Industrial partners can out-source a great deal of the legwork to academic partners for relatively low cost, increasing the network of players scanning for new drugs, informing new directions and finding. However, I can already run off a list of ten names of highly trained researchers in this field who have left the field over the past 8 years.
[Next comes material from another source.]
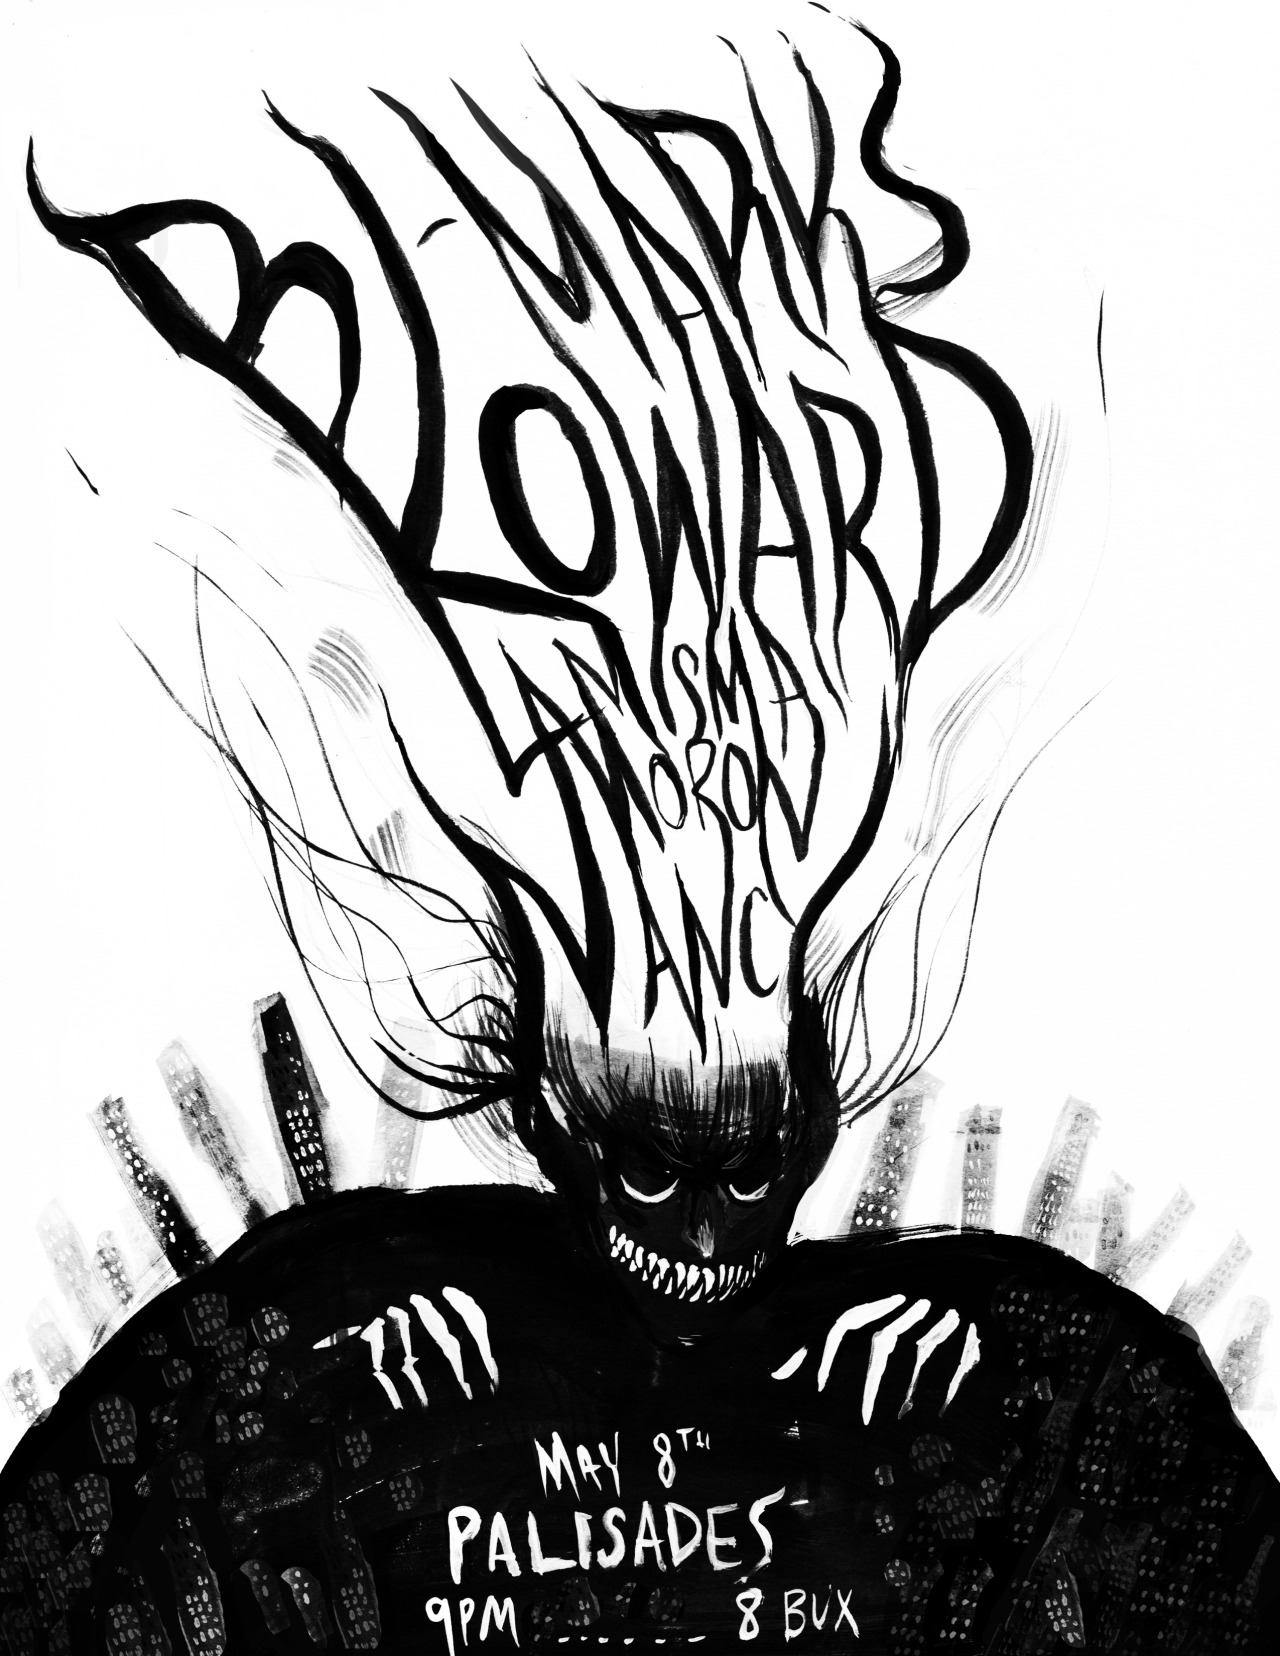 BIMARKS & KOWARD

At this time we’re facing another budgetary crisis in science funding and we must, at all costs, prevent a further loss of both industrial and academic research capacity involved in antibiotic research.

The public needs to be aware of the strong part academic research will have to play in developing new courses of action in the advent of new ‘superbugs’. For all the hope I have that there are academic solutions to better strategies of antibiotic use, anticipating and preventing resistance, better surveillance, and identifying new drug targets in bacteria (or better approaches to known targets), these are all rather like architect’s plans when what we need right now are some bricks in the oven.

Look forward to seeing everyone at Science Online 2010.

[This post was restored from a WayBackWhen archive. It was originally posted to a blog called ‘The Gene Gym” that began life on the Nature Network in 2010, and then moved to Spekrum’s SciLogs platform.]